• [Dataset records]
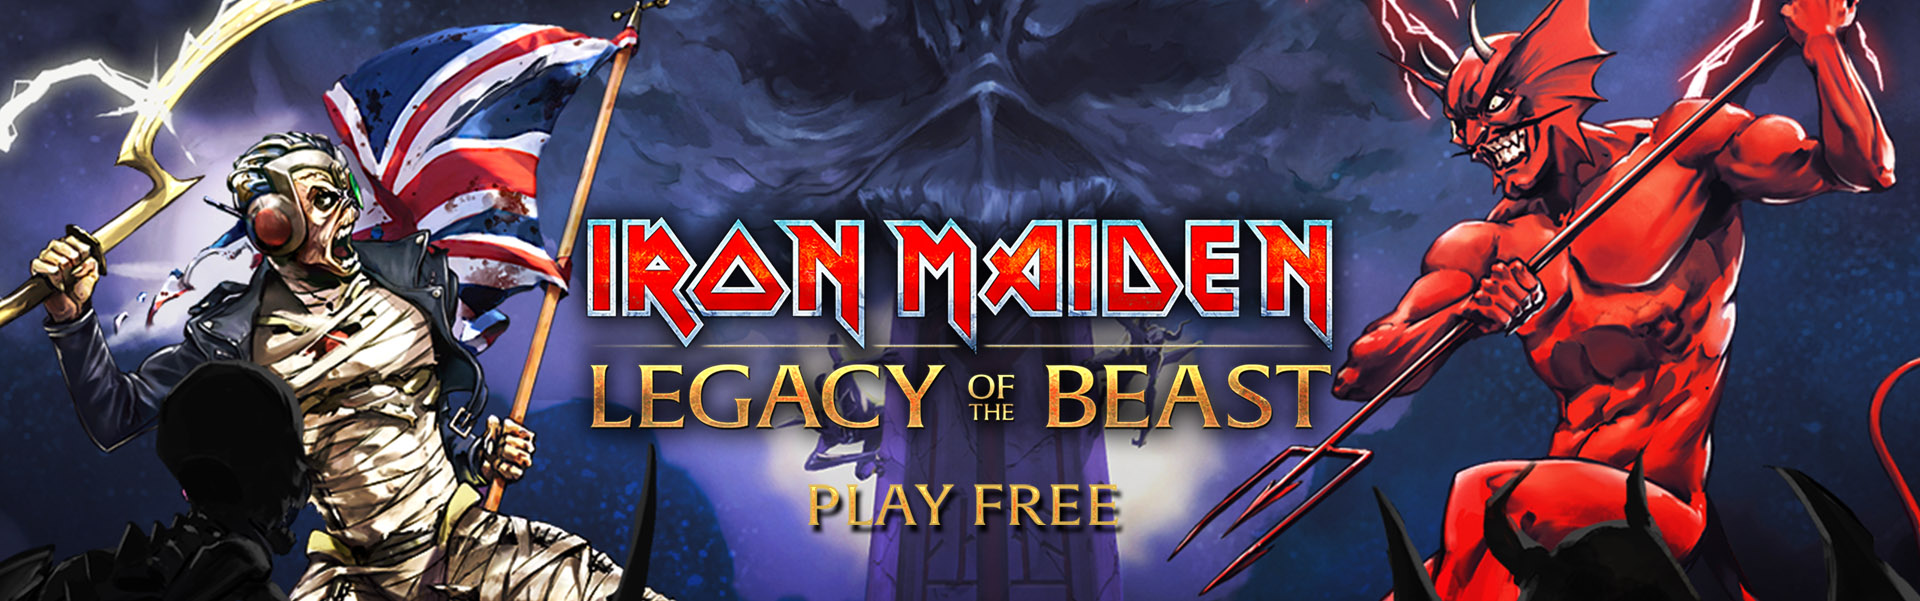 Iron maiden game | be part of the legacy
...
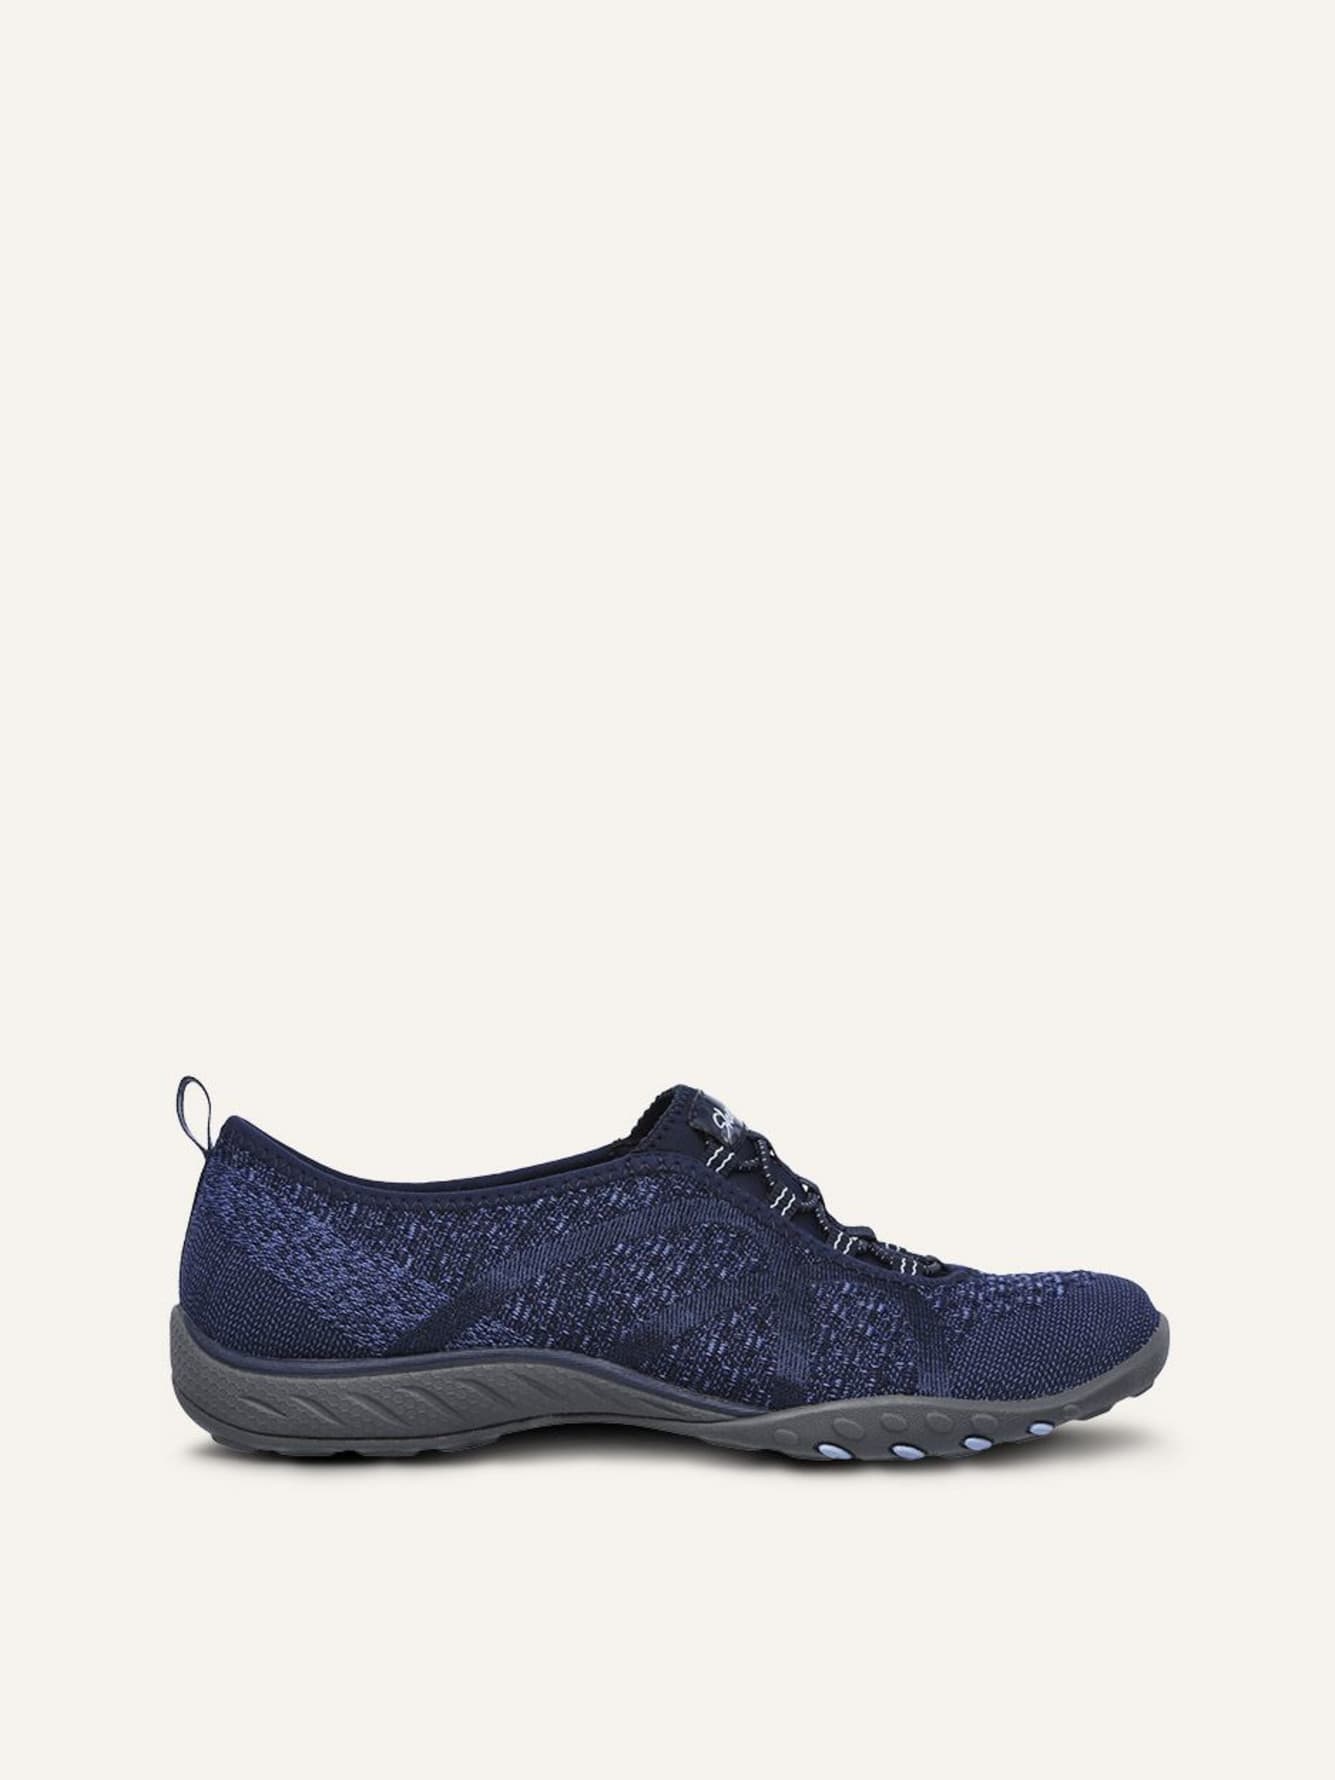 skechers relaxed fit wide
--
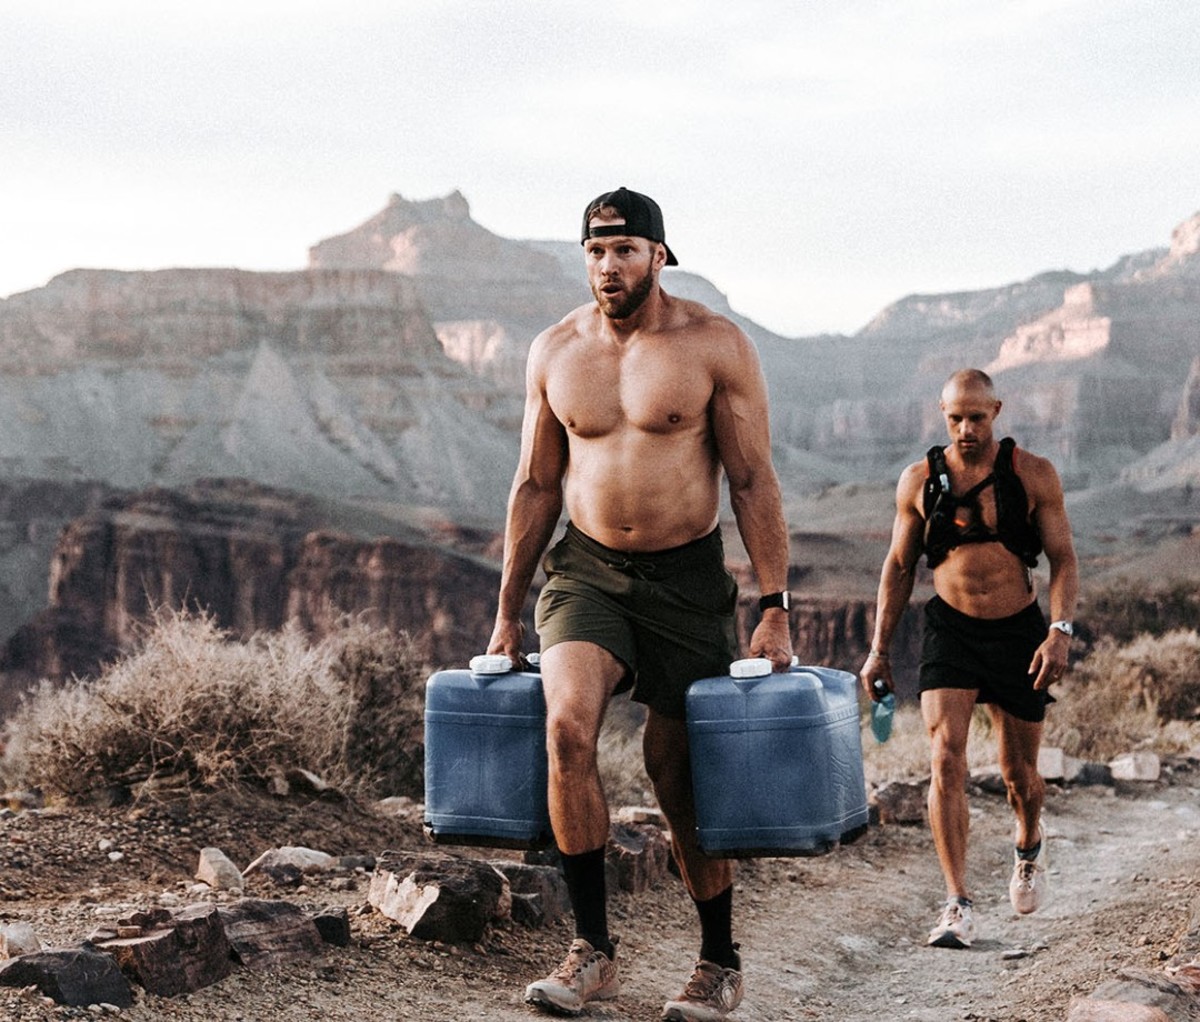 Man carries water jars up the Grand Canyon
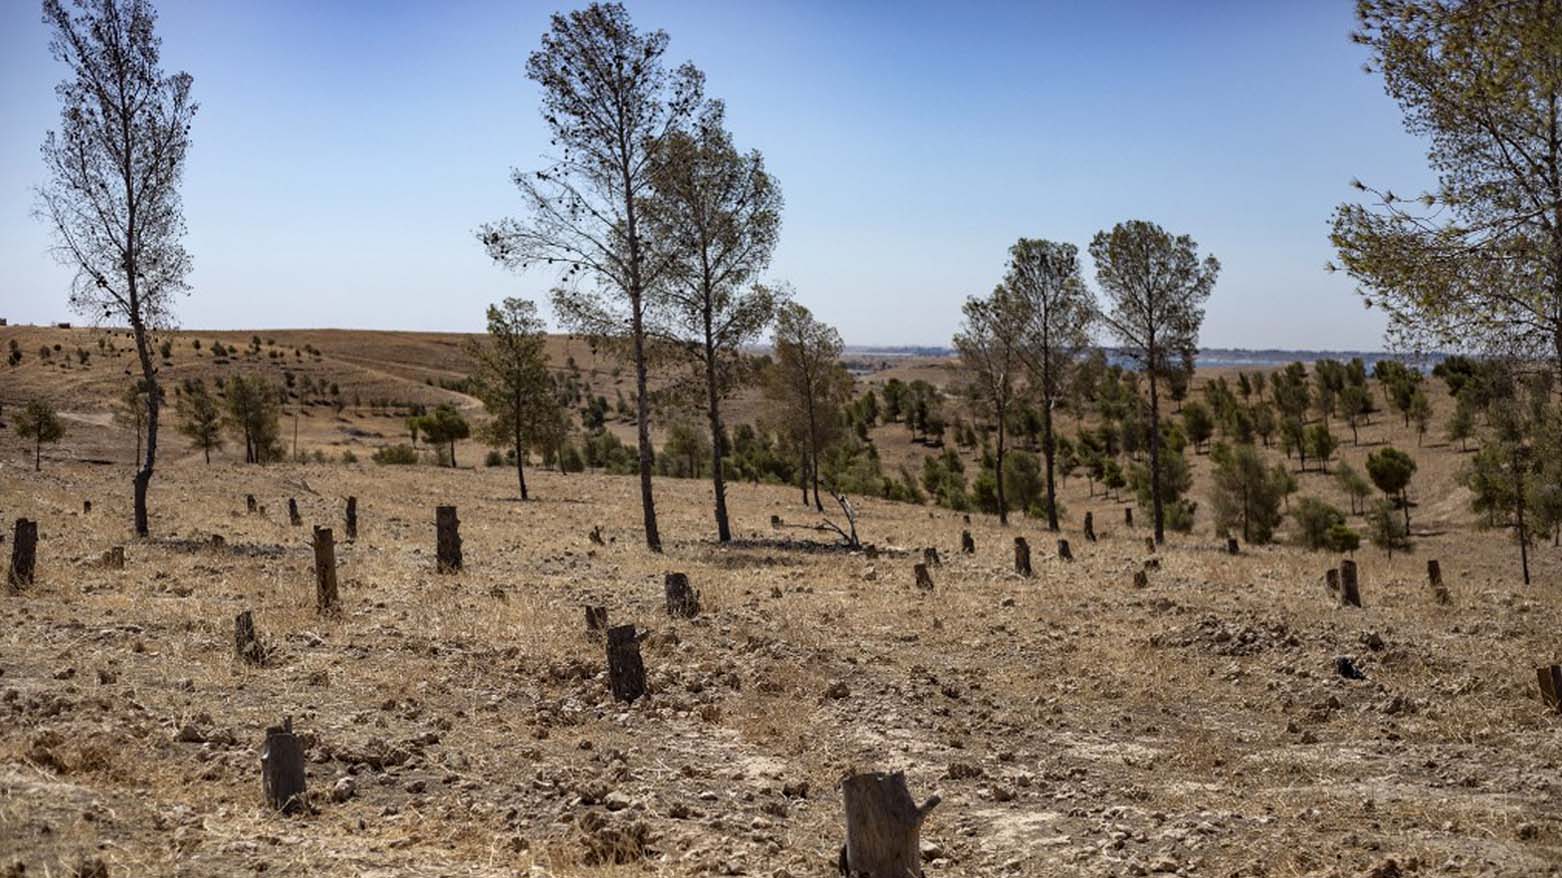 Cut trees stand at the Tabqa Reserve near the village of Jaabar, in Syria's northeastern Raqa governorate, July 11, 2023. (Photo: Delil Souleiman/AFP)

• [Instructions for the task] Print exactly the lines above that run from the one with "Man carries water jars up the Grand Canyon" to the one with "Cut trees stand", both included. No pictures.

• [Result below]
 Man carries water jars up the Grand Canyon
 Cut trees stand at the Tabqa Reserve near the village of Jaabar, in Syria's northeastern Raqa governorate, July 11, 2023. (Photo: Delil Souleiman/AFP)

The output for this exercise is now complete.